At its most basic, you can use Python as a simple calculator, with operations you'll easily recognize:

In [1]:
3 + 4 # this is a commment. When you run this code cell, you will see the answer displayed below the cell

7

Note that in this case, the result of the operation prints to the notebook as output below the code cell above. 



In [2]:
4/3 # when you run this code cell, you will see the answer displayed below the cell

1.3333333333333333

Order of operations in Python follows the mnemonic we all learned (remember?) back in grade school, PEMDAS: Parentheses, Exponents, Multiplication and Division, Addition and Subtraction.  Note that in Python, the exponential operator is `**` (this differs from other languages).

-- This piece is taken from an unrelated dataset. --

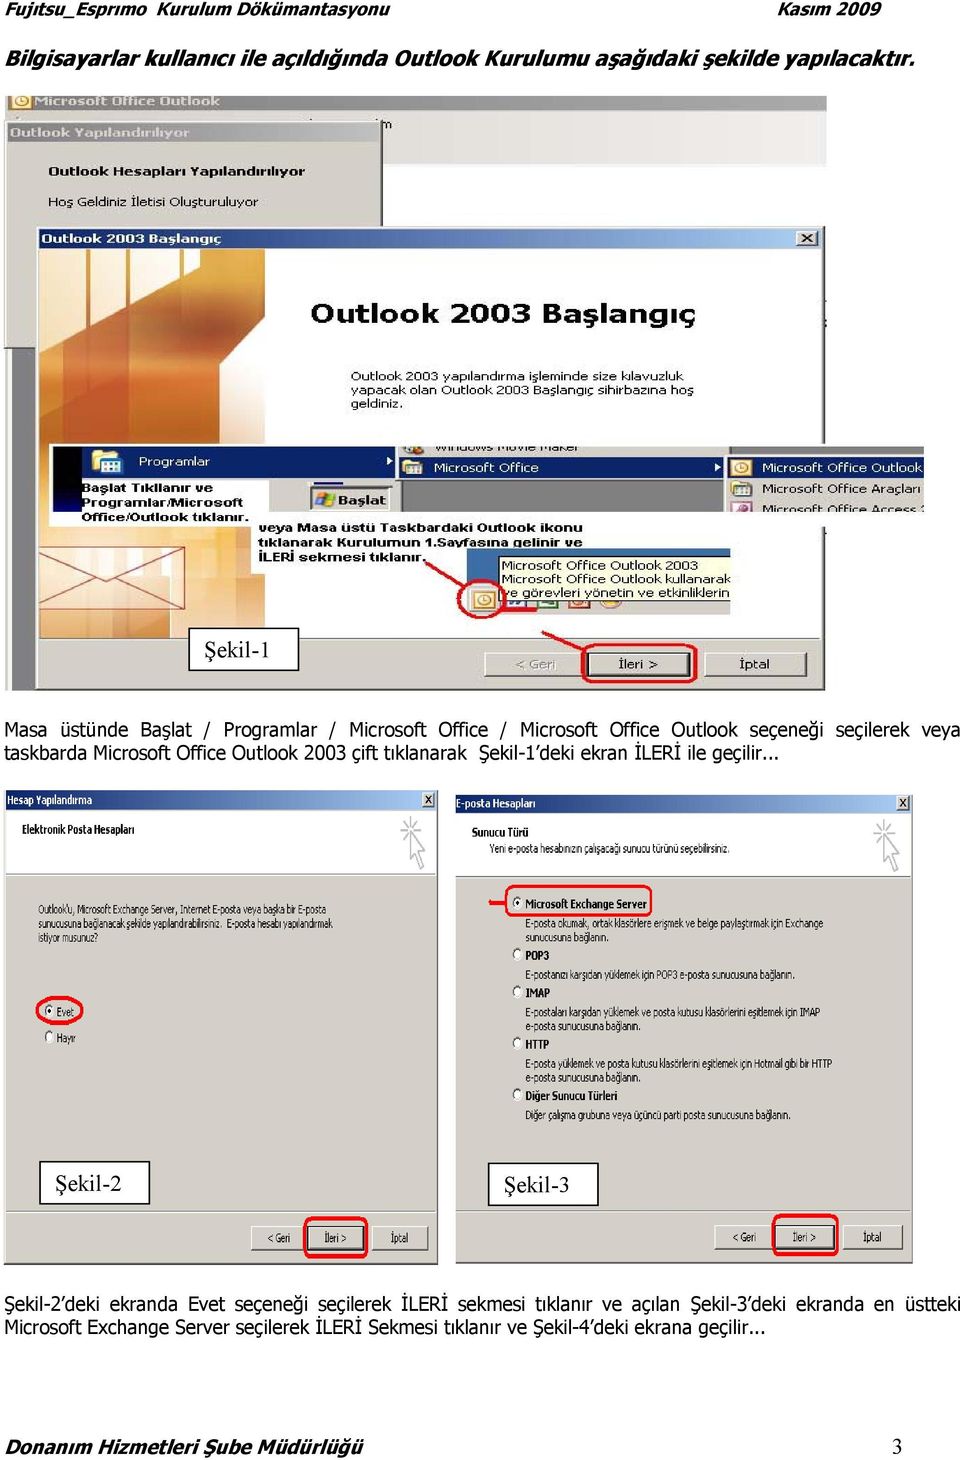 Outlook 2003 çift tıklanarak Şekil-1 deki ekran İLERİ ile geçilir.

**Your turn!** Spend some time in the space below adding parentheses or changing operators to see how this order of operations works (and, of course, changes the result):

In [3]:
(3 - 4) ** (3* 4)

1

## Variables

Like other programming languages, you can also use **variables** to stand in for numbers and then perform operations on those:

In [4]:
a = 3
b = 4

a+b  # when you run this code cell, you will see the answer displayed below the cell

7

In [5]:
b/a

1.3333333333333333

In [6]:
b * a

12

You can also do comparisons with variables (more on this later in the notebook):

In [7]:
a < b # asks if a is less than b

True

In [8]:
a == b # asks if a and b are equal

False

You can also assign the answer to an equation with variable (or numbers) to another variable.  Here we also use the `print` function to have the result displayed after the code block:

In [9]:
c = b * a
print(c) # when you assign the answer to an equation to a variable, the answer doesn't automatically print to the notebook

12


Python also allows you to assign multiple values at once.  For example:

In [10]:
x, y, z = 1, 2, 3
print(x)
print(y)
print(z)

1
2
3


You can also return multiple values on a single line in a similar way:

In [11]:
x, y # will return (1, 2) as output from this cell

(1, 2)

## Data Types

Data types in Python are important to understand, as each has a set of properties that determine how they can be used and how they interact.  The basic data types are:

* `int`: Integers, or whole numbers
* `float`: Floating point numbers, or real numbers (those which decimals)
* `str`: Strings, or text data
* `list`: A sequence of values with specific properties 
* `tuple`: Another sequence of values with specific properties different from a `list` 
* `dict`: Dictionaries, which map a given `key` to a given `value`
* `bool`: Boolean values - essentially, True or False 

So far in this notebook we've looked at the first two in the list, which so far we've simply viewed as individual numbers, or what we might call **Numeric data types**, and some basic ways you can operatre on them.  Numeric data type includes integers (`int`) as well as floats (`float`, or floating precision numbers e.g. numbers with decimals).  They could also be complex numbers, although for our purposes it seldom will occur in this class.  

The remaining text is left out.